Growing labor support for the Cuban Five

At the Climate Change March, New York City, Sept. 21.WW photo: G. Dunkel

At the Climate Change March, New York City, Sept. 21.
WW photo: G. Dunkel

The Service Employees union headquarters ground-floor meeting room in Washington, D.C., was standing-room-only on Sept. 13 for the premiere of Cuban 5 Antonio Guerrero’s newest watercolors, followed by music, spoken word, the debut of a three-minute “Discover the Five” animation video and a panel of speakers, including Cuban Interests Section Chief José Ramón Cabañas.

Guerrero created the paintings to mark the 16th year of unjust U.S. imprisonment of the Cuban 5. Guerrero, Ramón Labañino and Gerardo Hernández are still being held in U.S. prisons. Fernando González and René González have returned to Cuba after serving their full sentences and are fully engaged in the global organizing to free their comrades.

Gerardo Hernández — vindictively sentenced to two life terms plus 15 years — wrote from prison in Victorville, Calif.: “I cannot reiterate enough the importance of you once again holding activities in the U.S. capital calling for our freedom. This is the place to keep telling the truth about the Cuban Five. This is the place to let U.S. authorities know that it’s about time to correct the grave travesty of justice that our case represents. …

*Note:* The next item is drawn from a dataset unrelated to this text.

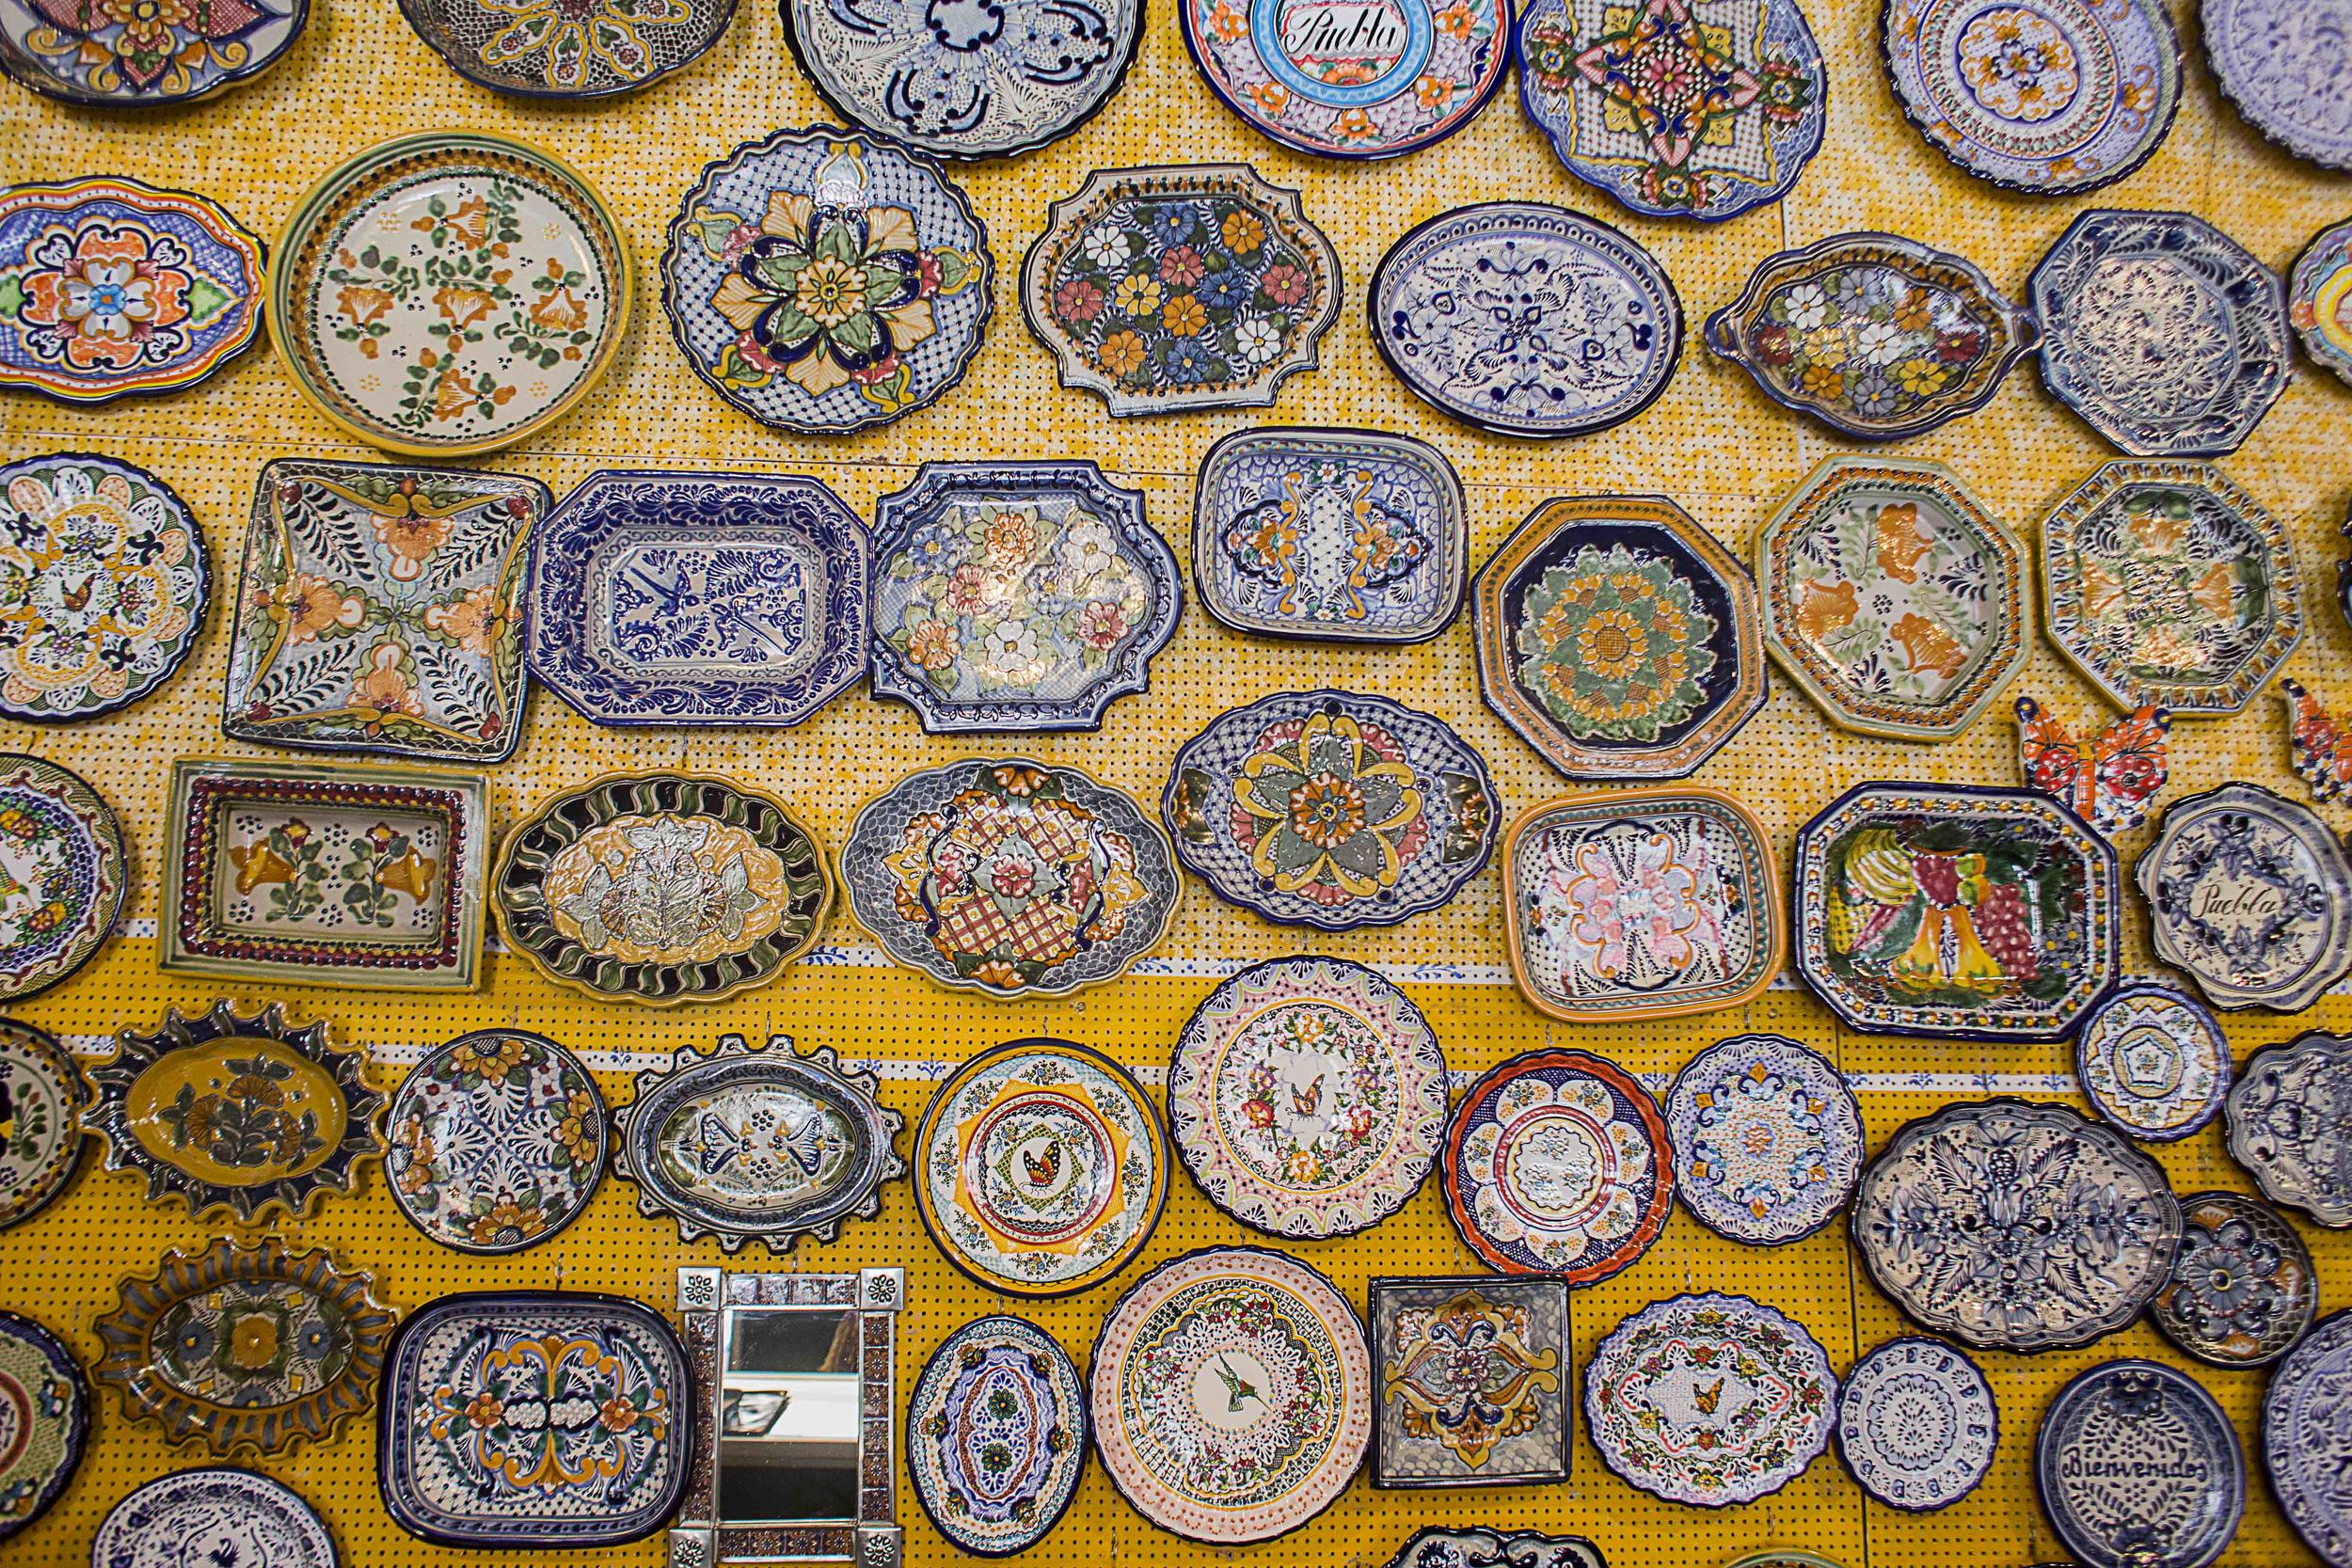 Day 99 - Puebla, Puebla, Mexico   A Talavera shop showcasing their many plates and designs.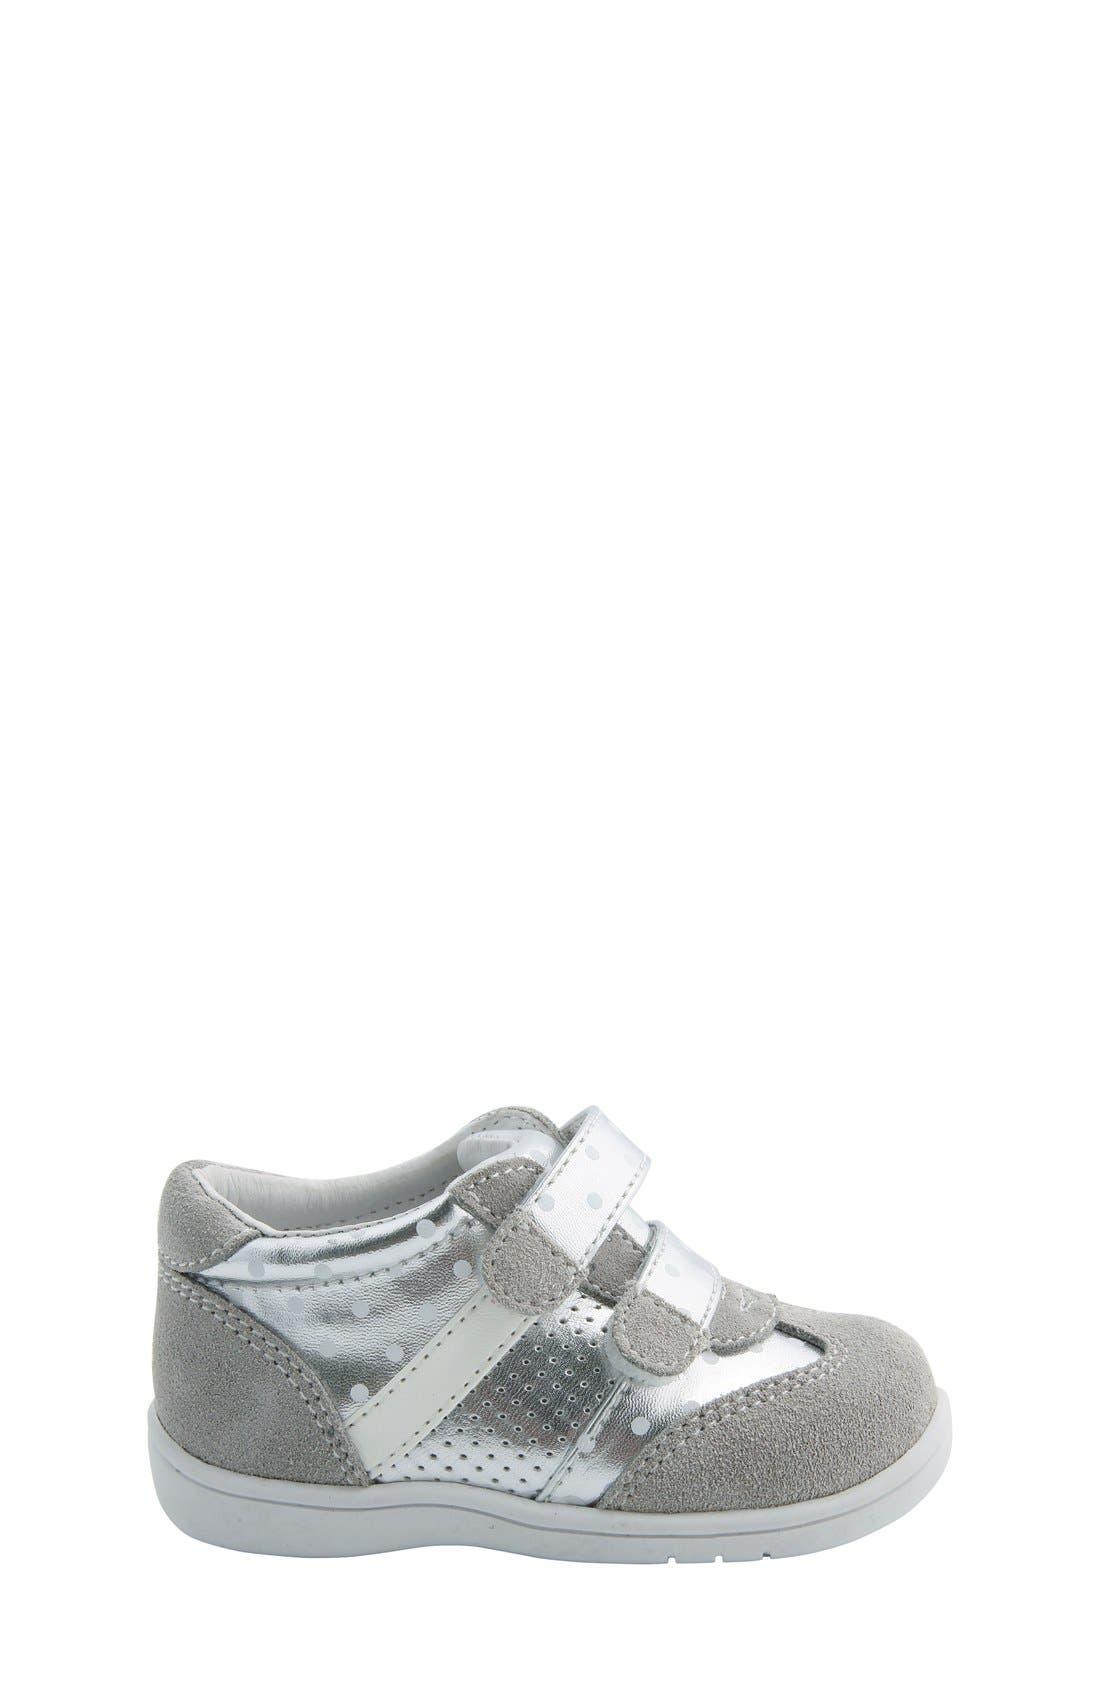 Nina 'Everest' Sneaker,                             Alternate thumbnail 2, color,                             Silver

“On behalf of the Five … I would like to thank the Service Employees International Union for providing their hall for you to use, showing once again the important role that organized labor has in the solidarity movement calling for our freedom.” (

Valarie Long, international executive vice president of the Property Services Division of the SEIU, welcomed the gathering to labor’s house on behalf of 2.2 million SEIU members, SEIU International President Mary Kay Henry and the officers of the SEIU. “I believe that if we do not look more to issues globally around the world, we are going to be lost here in the United States,” Long stated. The Property Services Division represents more than 400,000 workers across North America.

Long said that the Cuban 5 had been unknown in her circle of family and friends before she told them about speaking at this event. And when they learned, their reaction showed they understood the injustice.

Raising Michael Brown and Amadou Diallo and all the atrocities that happen here in the U.S., Long said, “We do not have the common decency to recognize that people in other countries have the right to have sovereignty. … It is not fair that these men have been in prison so many years. … We can do better. I am sure that with … more solidarity in the labor movement, we will do better and these men will be made free. … Let’s make sure that President [Barack] Obama and all the powers-that-be hear our voices.”

The Sept. 13 panel included Stephen Kimber, whose book, “What Lies Across the Water: the Real Story of the Cuban Five,” just won the 2014 Evelyn Richardson Award for Nonfiction at Canada’s East Coast Literary Awards; Yeidckol Polevnsky, the former vice-president of the Mexican Senate; and a statement from Ann Wright, anti-war activist and former U.S. army colonel. Piero Gleijeses, a professor at Johns Hopkins University and expert author on Cuba’s role in Africa, noted that Cuba sacrificed the possibility of ending the U.S. blockade against the country by following its anti-apartheid principle.

The public meeting culminated days of congressional visits and a picket in front of the White House, followed by a reception at Impact Hub DC and a community meeting hosted by the Takoma Park, Md., Committee to Free the Cuban 5. The International Committee for the Freedom of the Cuban 5 completed the third “5 Days for the Cuban 5” in Washington only a few months earlier, in June.

The highest levels of the labor movement in Britain and Ireland and many other countries recognize the injustice done to the Cuban 5 and their families. Unable to hear directly from the Cuban 5 family members, that recognition among labor in the U.S. has been slow going.

Since 2008, the labor movement in Britain and Ireland has reached out to its U.S. counterparts. Tony Woodley, former general secretary of “Unite the Union,” visited Gerardo Hernández and in 2011 spoke in Los Angeles at the first labor-organized meeting in the U.S. to build awareness about the case. That British and Irish trade union boasts 1.4 million members.

The Sept. 13 event built on outreach to rank-and-file union leaders that has been done through information tables at the 2012 SEIU Convention and flyer distributions at the Longshore Workers union, the 2013 Women of Steel Convention, a meeting hosted by the postal workers in Washington and the 2014 Steelworkers convention.